Recorded data START

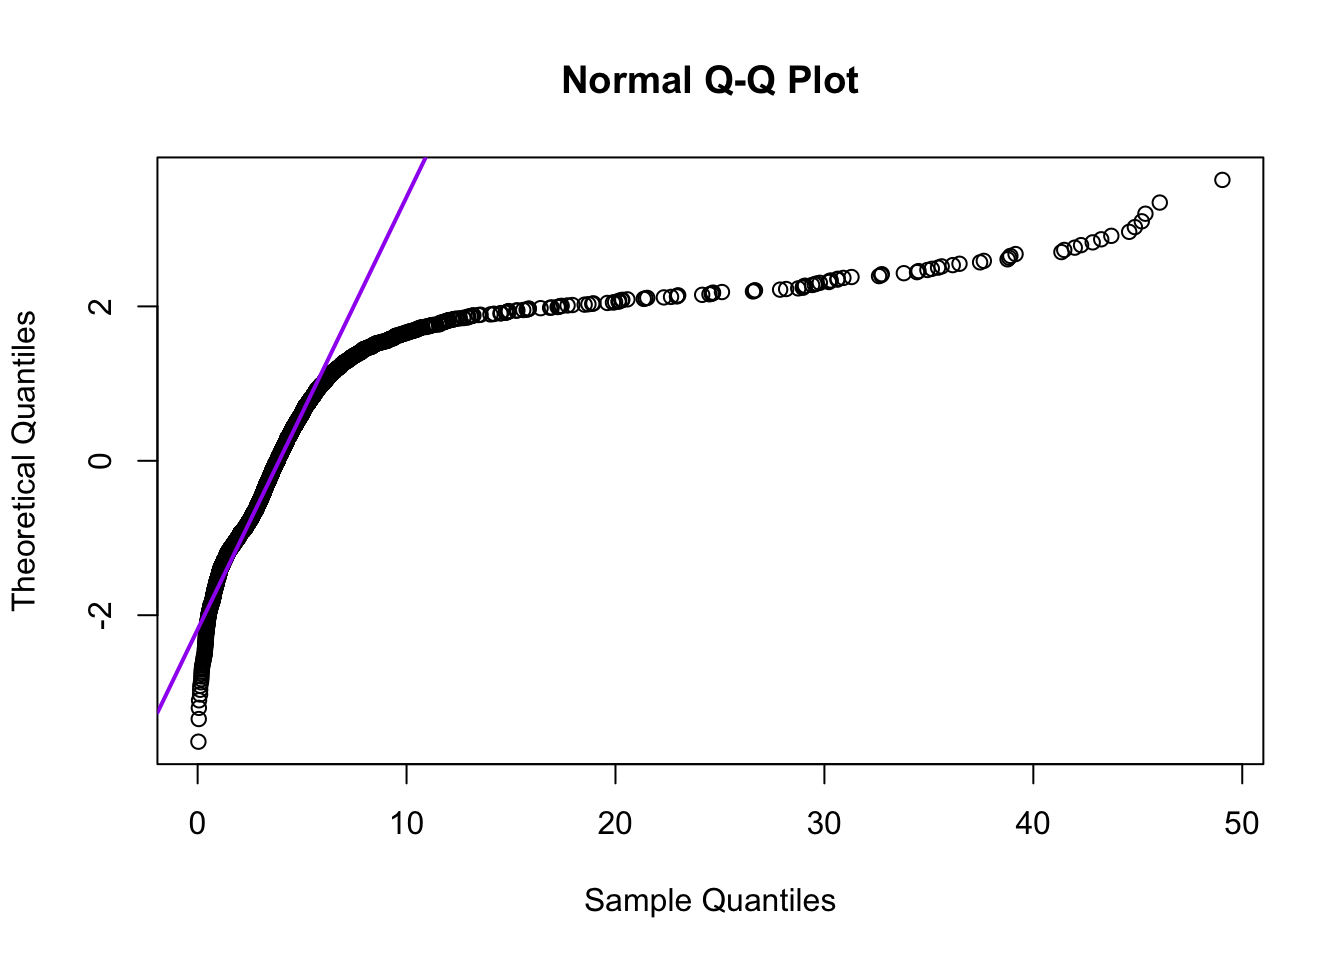 Quantile-quantile-plot van de duren van muzieknummers in mijn digitale muziekbibliotheek.
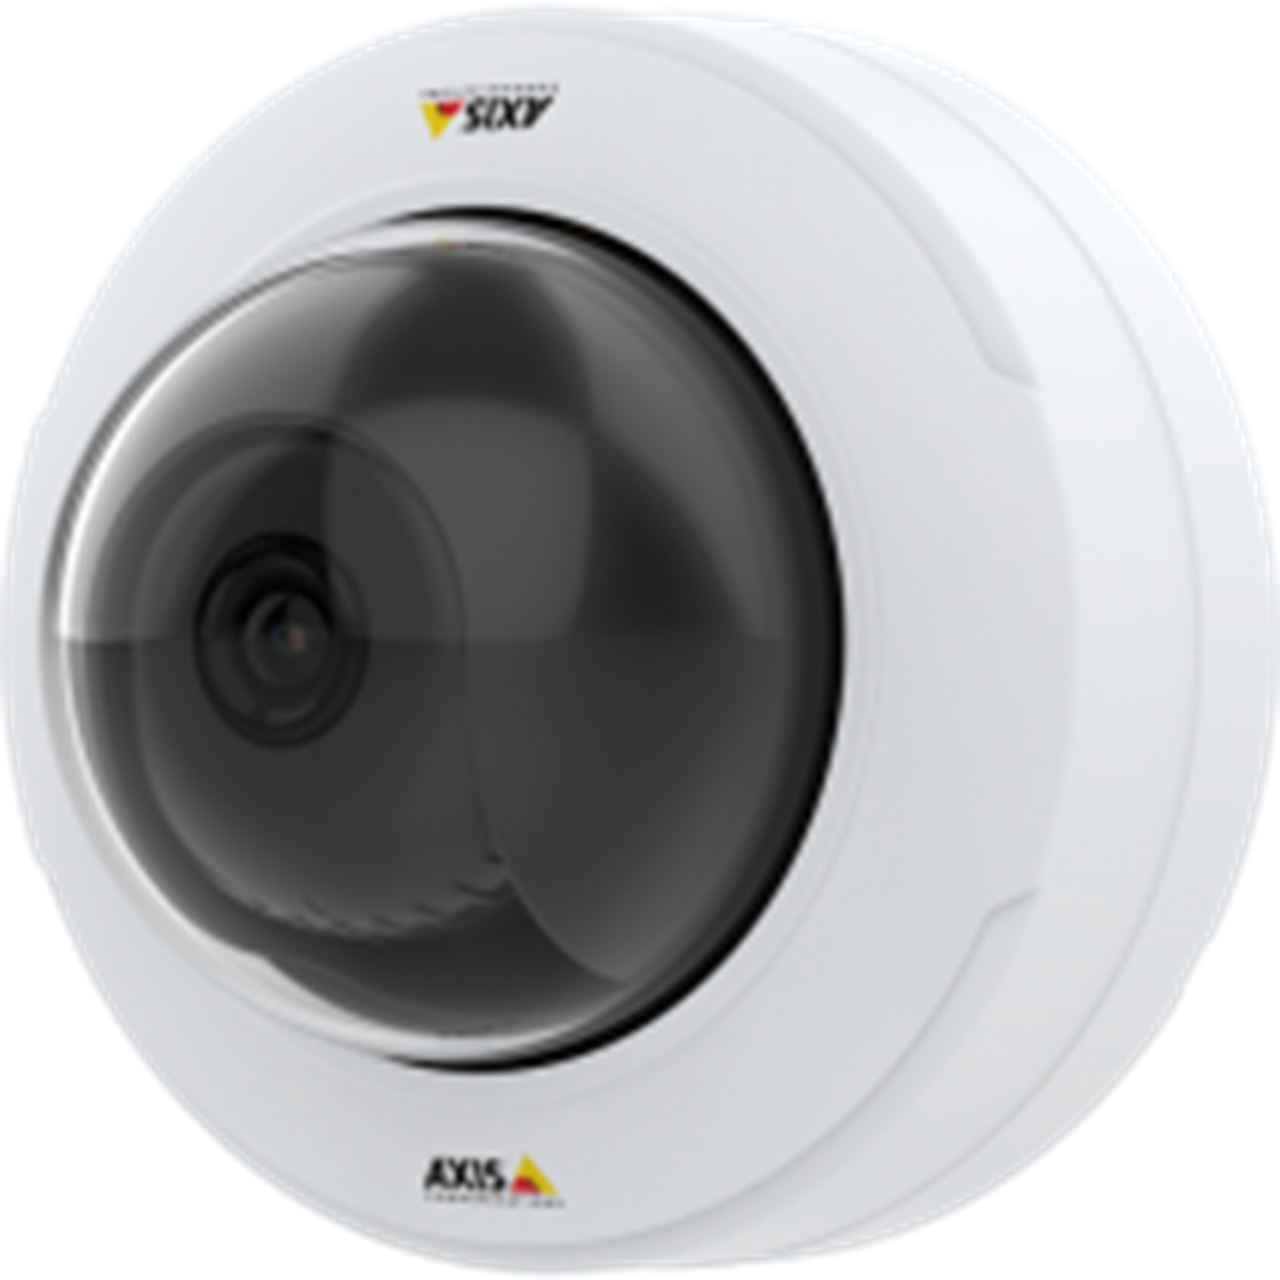 AXIS P3245-V Network Camera Armenia Vantag LLC 
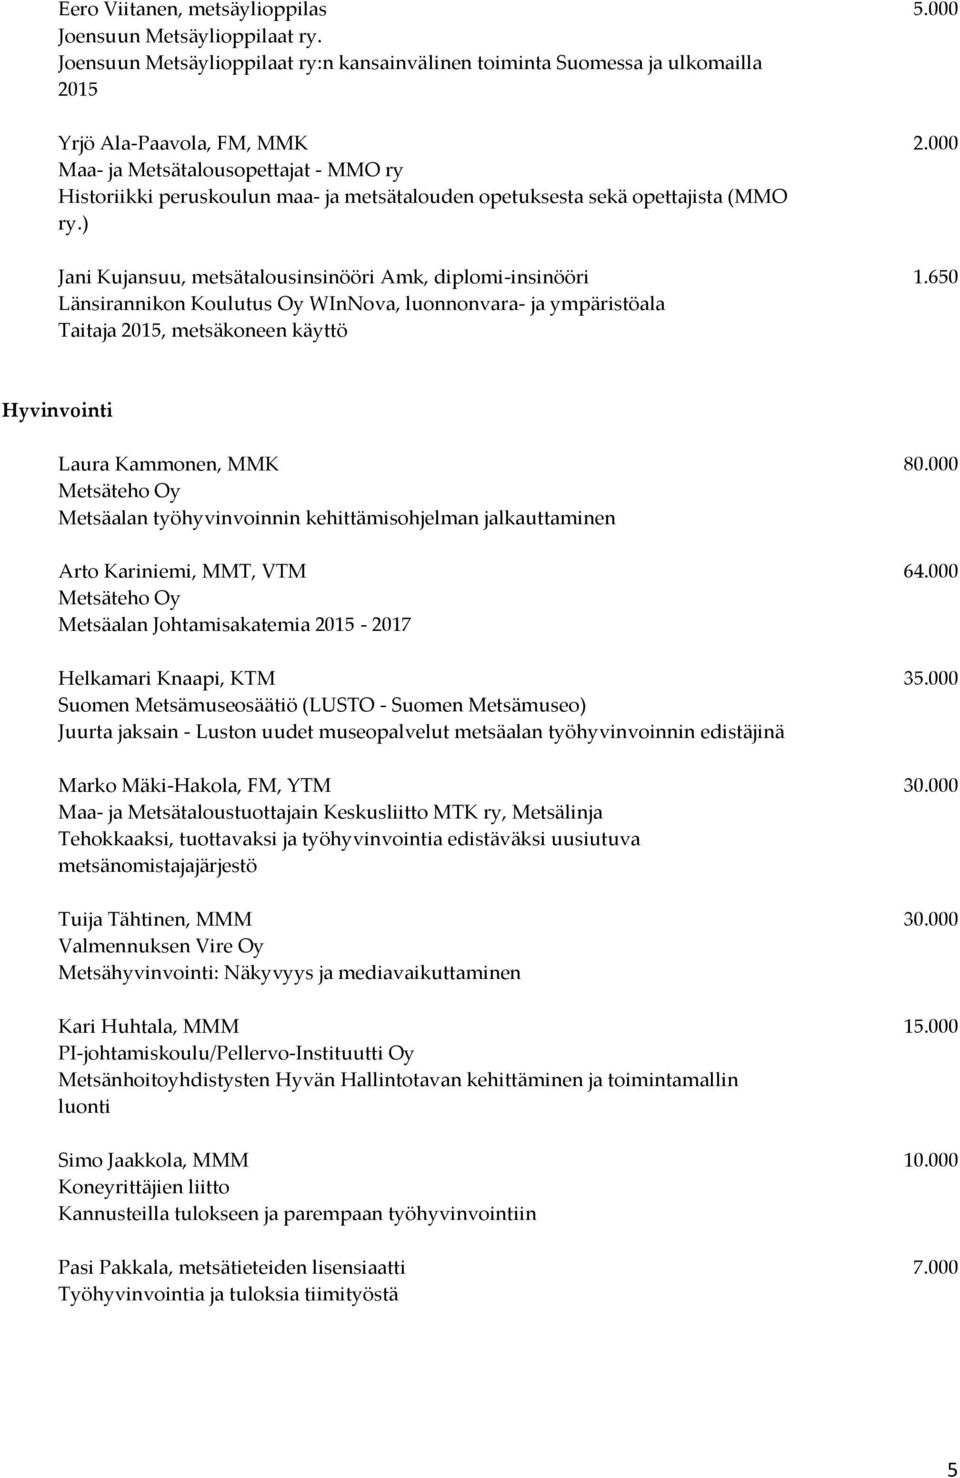 650 Länsirannikon Koulutus Oy WInNova, luonnonvara- ja ympäristöala Taitaja 2015, metsäkoneen käyttö Hyvinvointi Laura Kammonen, MMK 80.

Recorded data END

All of the data must be given again exactly, without the pictures.

Task answer:
 Quantile-quantile-plot van de duren van muzieknummers in mijn digitale muziekbibliotheek.
 AXIS P3245-V Network Camera Armenia Vantag LLC 
 650 Länsirannikon Koulutus Oy WInNova, luonnonvara- ja ympäristöala Taitaja 2015, metsäkoneen käyttö Hyvinvointi Laura Kammonen, MMK 80.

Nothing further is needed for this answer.